Liberty University issued a response to criticism of Jerry Falwell Jr., the university's president, who attracted widespread attention for convocation remarks Friday in which he encouraged students to register to carry concealed weapons. The university statement denied that, when Falwell said it was important to "end those Muslims," he was talking about all Muslims. The statement said he was talking about "the Muslim terrorists who attacked innocents in San Bernardino, Calif., and Paris, France. He also clarified that he was in no way referring to the many good and honorable Muslims who do not come into public spaces armed to kill innocents. When hearing the remarks in their full context, the public can see that there was no attempt to incite hate against anyone, much less all Muslims."
The statement noted that Liberty adopted its policy of allowing people to carry concealed weapons after the mass shooting at Virginia Tech, which is not far from Liberty. "His remarks were a call to arms for self-defense and a criticism of political leaders who see the answer to such tragedies as more gun control.
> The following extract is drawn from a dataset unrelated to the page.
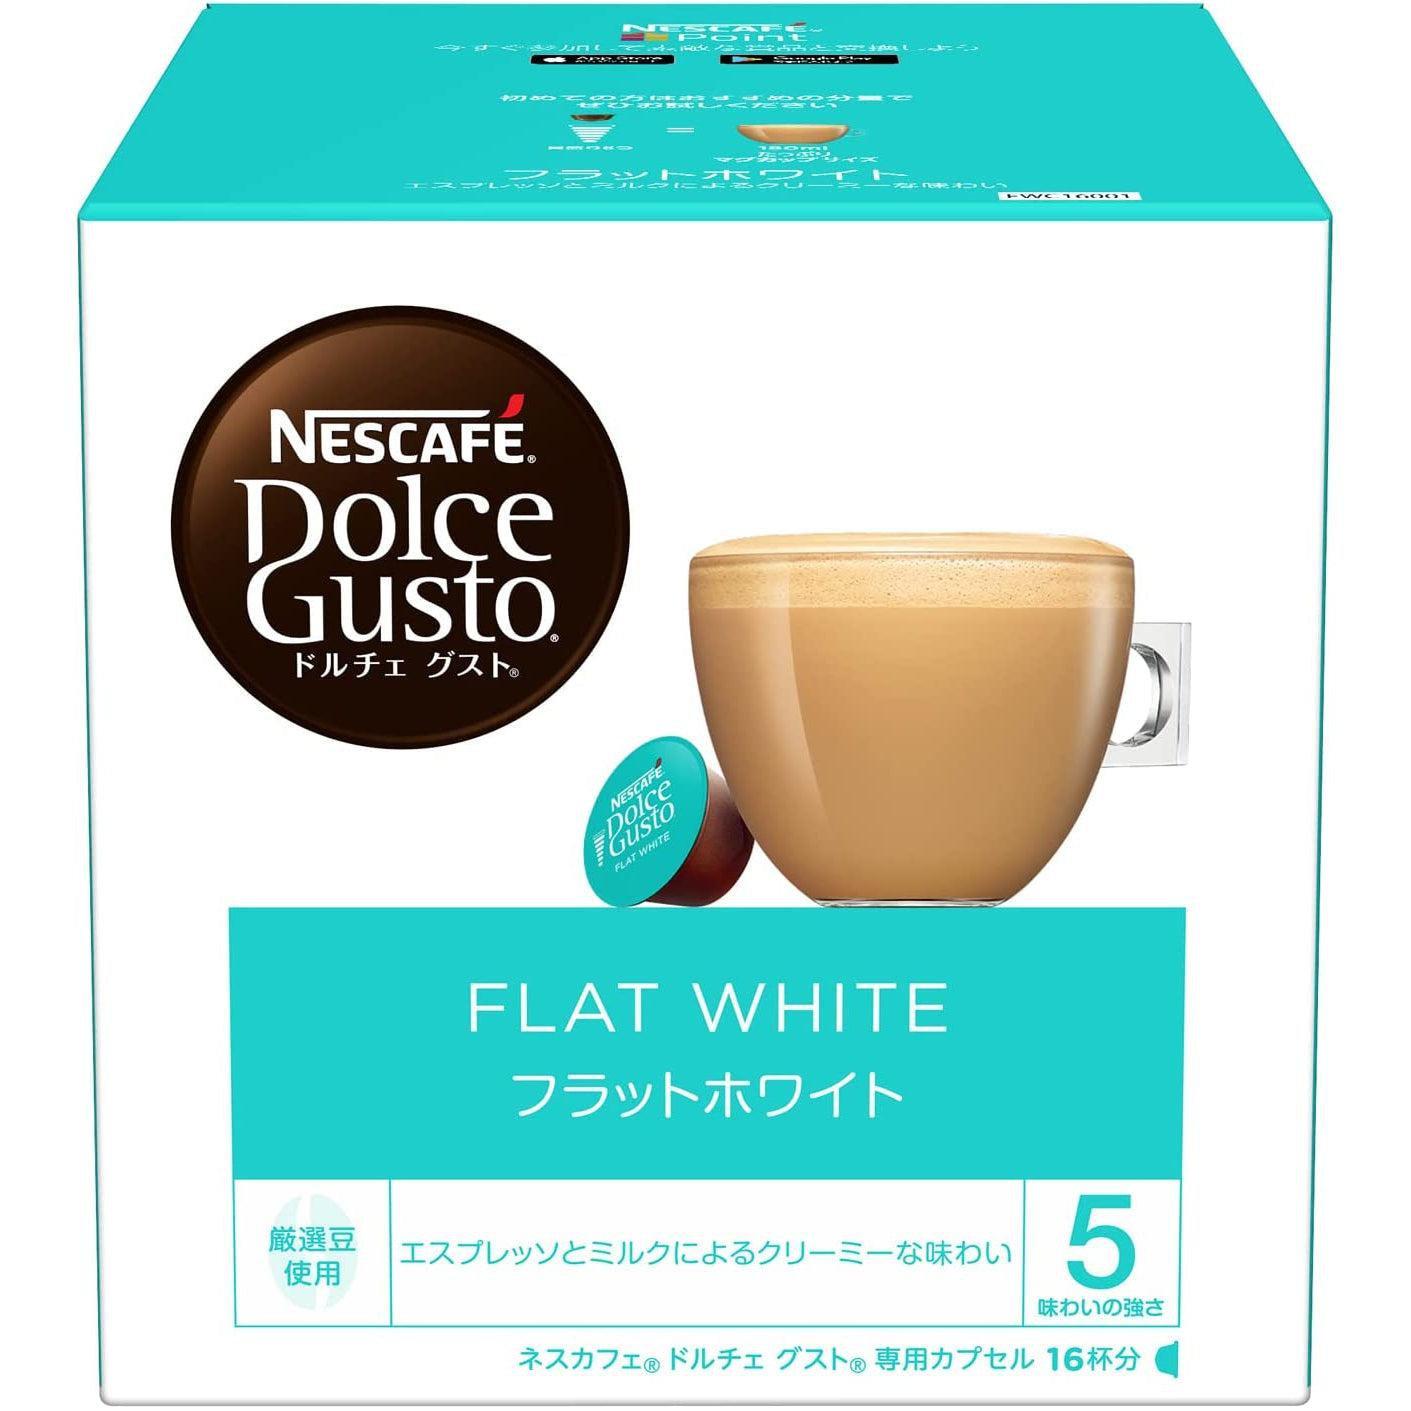 Nescafé Dolce Gusto Capsules Flat White Coffee 16 Pods – Japanese

More gun control leads to more places and circumstances where innocents are unarmed and unable to defend themselves," said the university statement.
Liberty also released on Monday an essay by Daniel Howell, a biology professor at the university, answering those who expressed shock that the president of a Christian university would encourage students to become armed. "Unbelievers and others lacking knowledge about the true character of God sometimes refer to Christ’s moniker as the Prince of Peace to conclude Christianity must be a wimpy, defenseless teaching," wrote Howell. "Of course, this is one of many titles for Jesus, another being the Lion of Judah. While Jesus was exceptionally mild and meek at his first coming, we are assured by Scripture that he will not be so at his second coming. He is described in Revelation 19 as the king of kings who leads the armies of heaven on a white horse and utterly destroys his enemies with the word of his mouth (visualized there as a sword). In a world littered with violence, the Prince of Peace knows that real tranquility is only obtained through strength."